Verdict Sheet at 1-3 (first and second emphases added, third in original).
. The questions pertaining to the Town of Babylon were as follows:
5. Did the defendants prove that the defendant Town of Babylon was taking action "in response to an emergency created by the release or threatened release of a hazardous substance”?
YES_NO_
If your answer to question 5 is "YES,” please answer question 6.
If your answer to question 5 is "NO," you have found a verdict in favor of the defendant North Amityville Fire District [sic] in the first Federal CERCLA cause of action. Please proceed to question 7.
6. Did the plaintiffs prove that in its actions at the scene of the fire the defendant Town of Babylon acted with gross negligence or intentional misconduct?
*450 YES_. NO_
If your answer to question 6 is "YES,” you have found a verdict in favor of the plaintiffs AMW Materials Testing and Anthony Antoniou against the defendant Town of Babylon in the first Federal CERCLA cause of action. In that event, please proceed to instructions preceding question 9.
If your answer to question 6 is "NO,” you have found a verdict in favor of the defendant Town of Babylon in the first CERCLA cause of action. Please proceed to question 7.
7. Did the plaintiffs prove that some time during its presence at the scene of the fire, the defendant Town of Babylon was not taking action “in response to an emergency created by the release or threatened release of a hazardous substance”?
YES_NO_
If your answer to question 7 is “YES,” please answer question 8.
If your answer to question 7 is "NO,” you have found a verdict in favor of the defendant Town of Babylon in the Second Federal CERCLA cause of action. Please proceed to the instructions preceding question 9.
8.Did the plaintiffs prove that the defendant Town of Babylon was an "operator of” the AMW Materials Testing facility, as the Court defined that term for you?
YES_NO_
If your answer to question 8 is "YES,” you have found a verdict in favor of plaintiffs and against the defendant Town of Babylon in the Second Federal CERCLA cause of action. Please proceed to the instructions preceding question 9.
If your answer to question 8 is "NO,” you have found a verdict in favor of the defendant Town of Babylon in the second Federal CERCLA cause of action. Please proceed to the instructions preceding question 9.
Verdict Sheet at 3-5 (first and second emphases added, third in original).
. Indeed, confusion in the jury response is amplified by the mistaken reference to the Fire District in the instructive language following question five.

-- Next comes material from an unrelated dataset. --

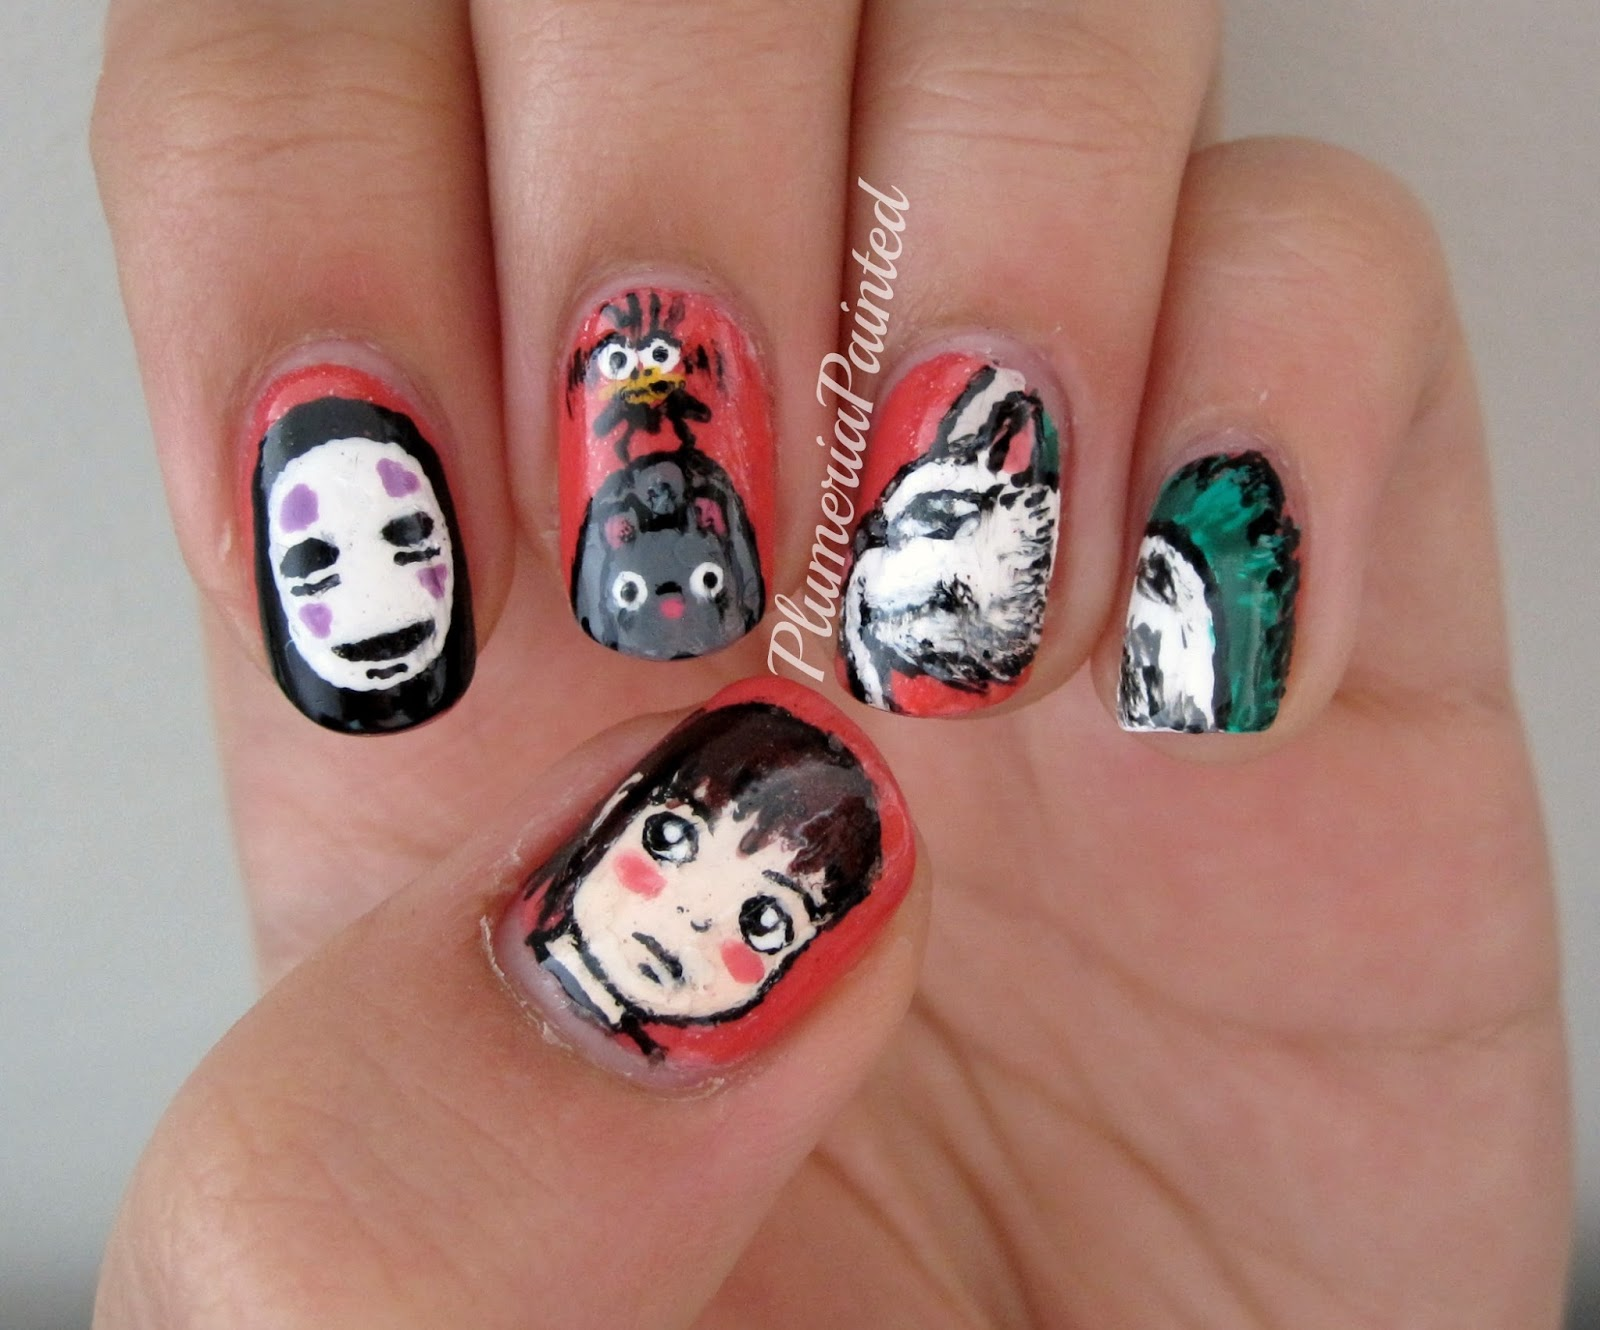 PlumeriaPainted: Spirited Away Nails

. Plaintiffs point to some record evidence suggesting that, upon first responding to the AMW fire site, members of the Fire Company did not think they were responding to a threatened release of hazardous materials. To the extent a focus on the lack of such subjective knowledge may have informed the juiy response to the first question on the jury sheet, that focus would have been wrong. In any event, any subjective unawareness was short-lived. The Fire Company Alarm Detail Dispatch for the AMW fire said, "Please Note Hazardous Materials.” Fire Company Chief Tutt testified that, within a minute of arriving at the scene of the fire, he called Dispatch to note that there were "a lot of chemicals” on the scene and to request assistance from the Environmental Protection Agency. Shortly thereafter, representatives of the New York State Department of Environmental Conservation and the Suffolk County Department of Health arrived at the scene.

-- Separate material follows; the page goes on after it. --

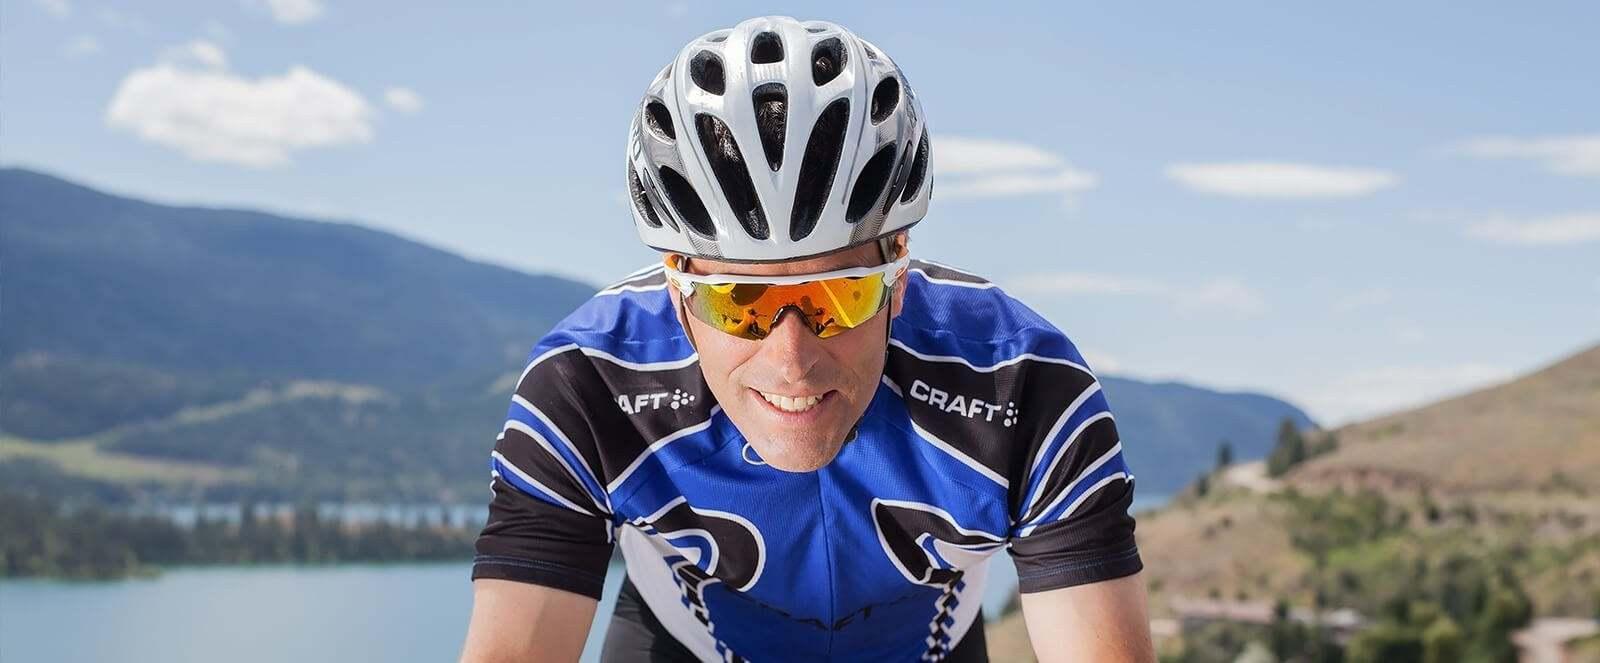 550b9bef9d23 Darren - Nordic Ski Coach Cycling at Kal Lookout wearing OAKLEY

. At the first trial, the district court explained that "in order to prove that [plaintiffs] had a special relationship with the Town of Babylon or the North Amityville Fire Company, the plaintiffs must show, must prove, the following factors. And I go through the four Cuffy factors. Yes?” Trial 1 Tr. at 2746-47. The district court continued, "However, if the plaintiff proves the four factors that are set forth in Cuffy, then there could be liability, and that’s what I’m going to charge the jury.” Id. at 2747-48. Plaintiffs did not object at any time during this discussion, and the district court's instructions to the jury at the second trial were consistent with these observations.